Shallow observations made by an insurance broker on the Circle Line (7) entwine meaningfully with the thoughts of the exotic dancer travelling next to him (wide feline eyes, tiny button nose, Clara Bow lips): ‘If only I could just evacuate my soul... emote it for easy consumption... but really... nobody’s terribly interested... nobody’s lustfully keen...’
Temporarily possessed by the spirit of your dead father: his cheerful ghost appearing bright as day in front of your nose, tangible on the street, back-lit and as credible and real as any living person standing half-upright in the world, the day circling around them. ‘You’ve been dead three years since last I saw you...’ But no reply is forthcoming, disappointingly. No burning words of comfort or consolation or condolence or encouragement. Waking up to your self one day and thinking, such an event would be highly implausible anyway. (8)
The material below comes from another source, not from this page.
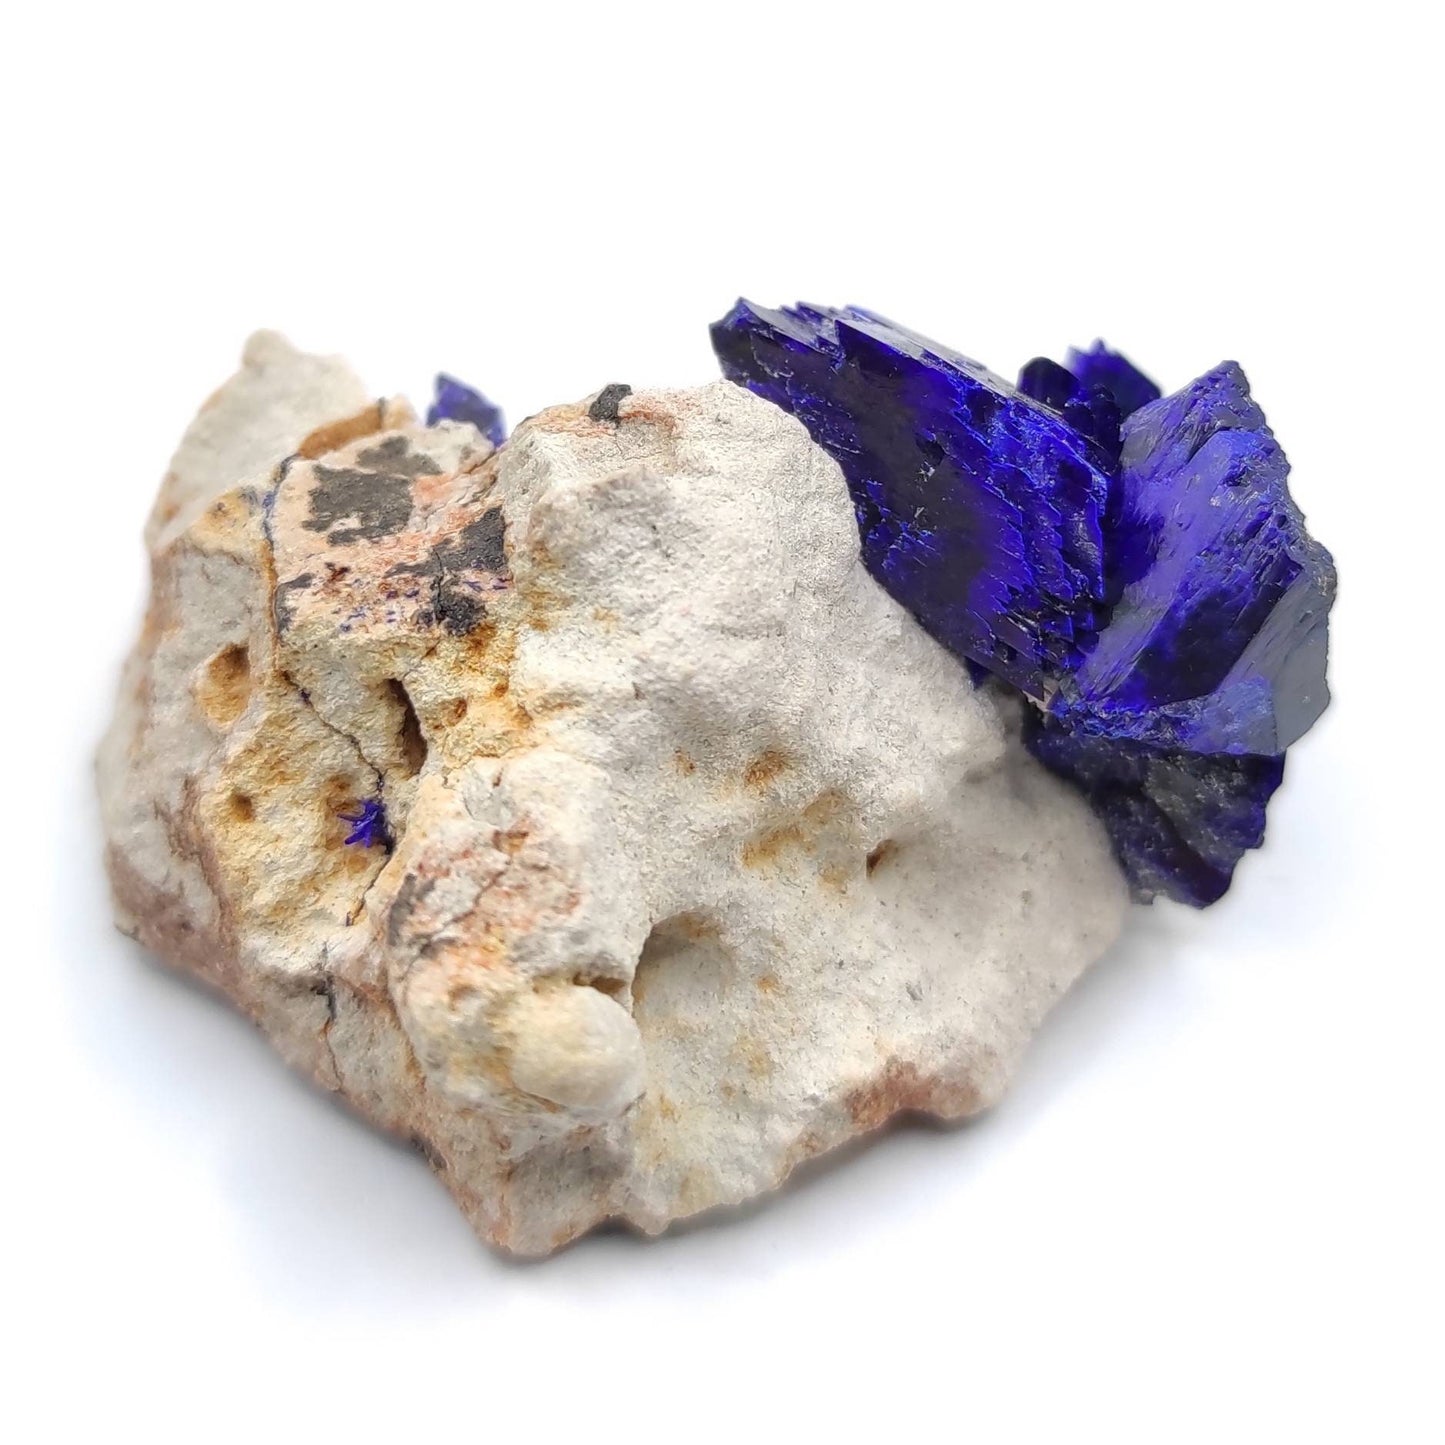 22g Azurite in Matrix - Kerrouchen, Morocco - Blue Azurite Specimen in Matrix - Crystallized Blue Azurite - High Quality Azurite Mineral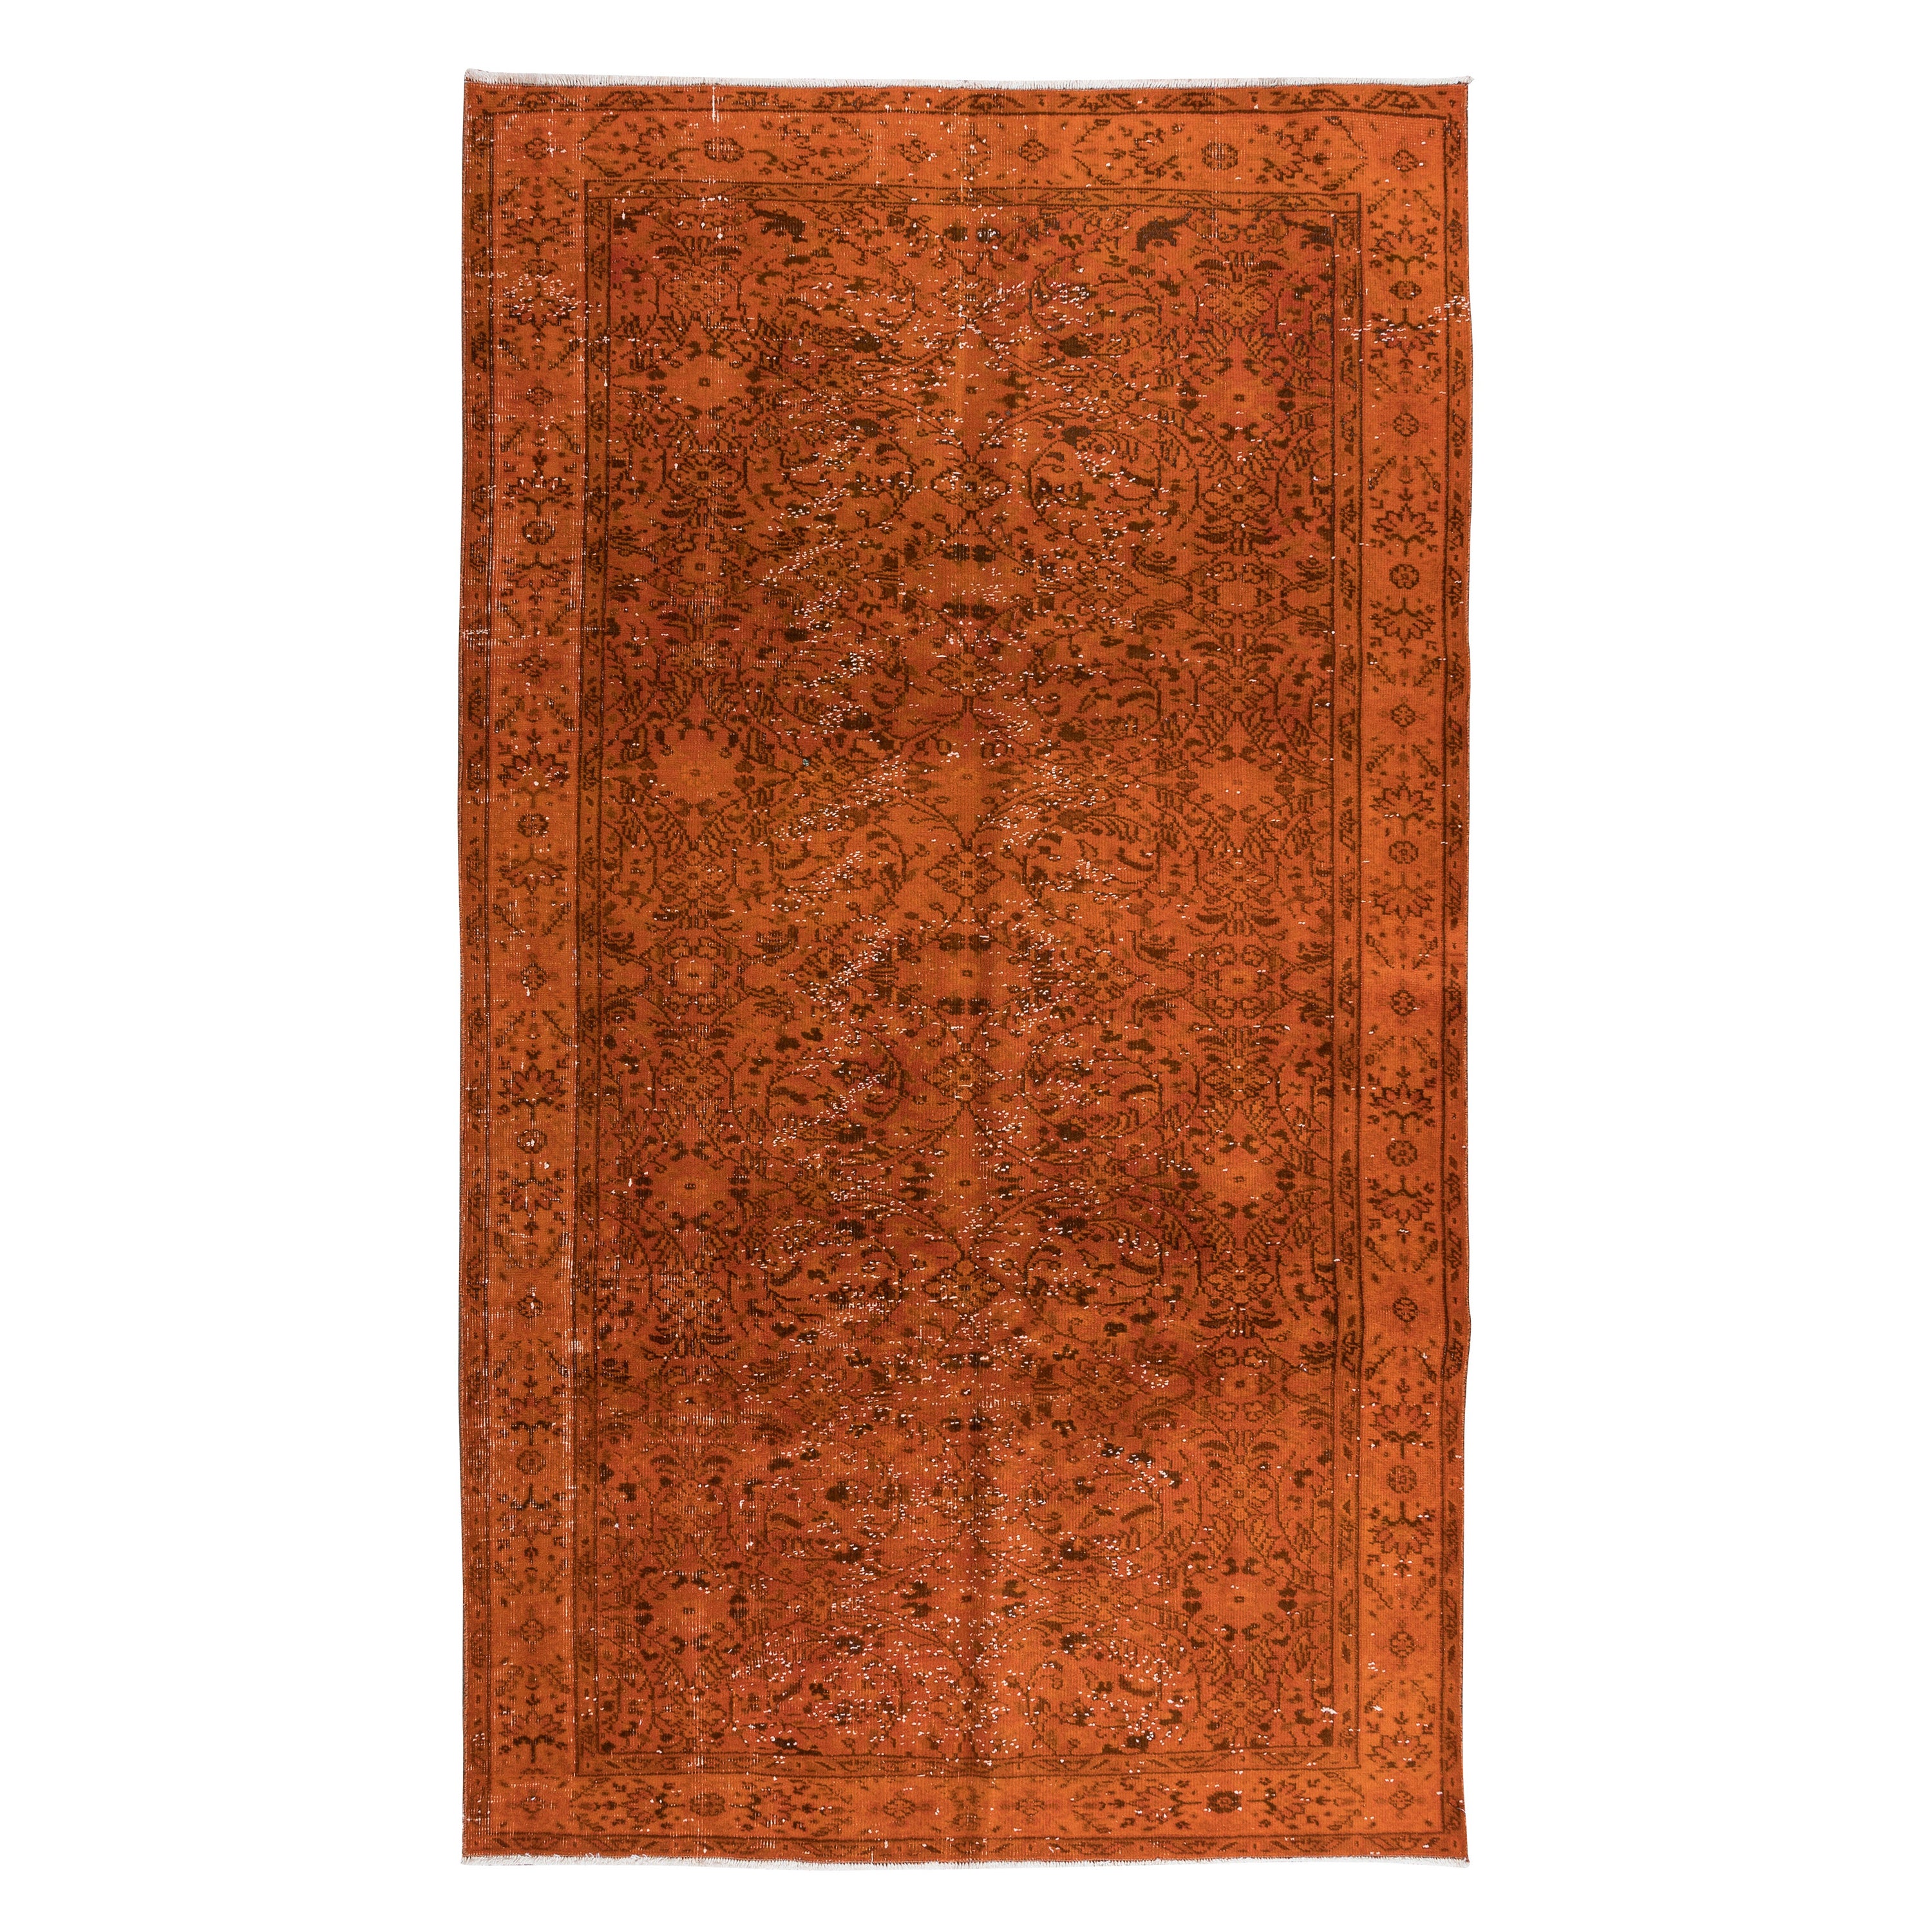 4.8x8.3 Ft Handmade Orange Area Rug from Turkey, Modern Anatolian Wool Carpet (tapis de laine anatolien moderne)

Uncovering a subterranean sex coven of cat-women, all beautiful young things, all amazons of the avant garde who have wisely chosen to retire from the chores of disco dancing, cut off their hair and now live alone in tall castles, overdosing on soft drugs, a habit that if untreated can lead to unspecified medical conditions in later life. All the time undercover for Reuters, exploring the romantic side of Jeffrey Dahmer. Of all the spandex ladies he variously dated, he mostly just asked: ‘Do you like Pina Colarda? Getting caught in the rain?’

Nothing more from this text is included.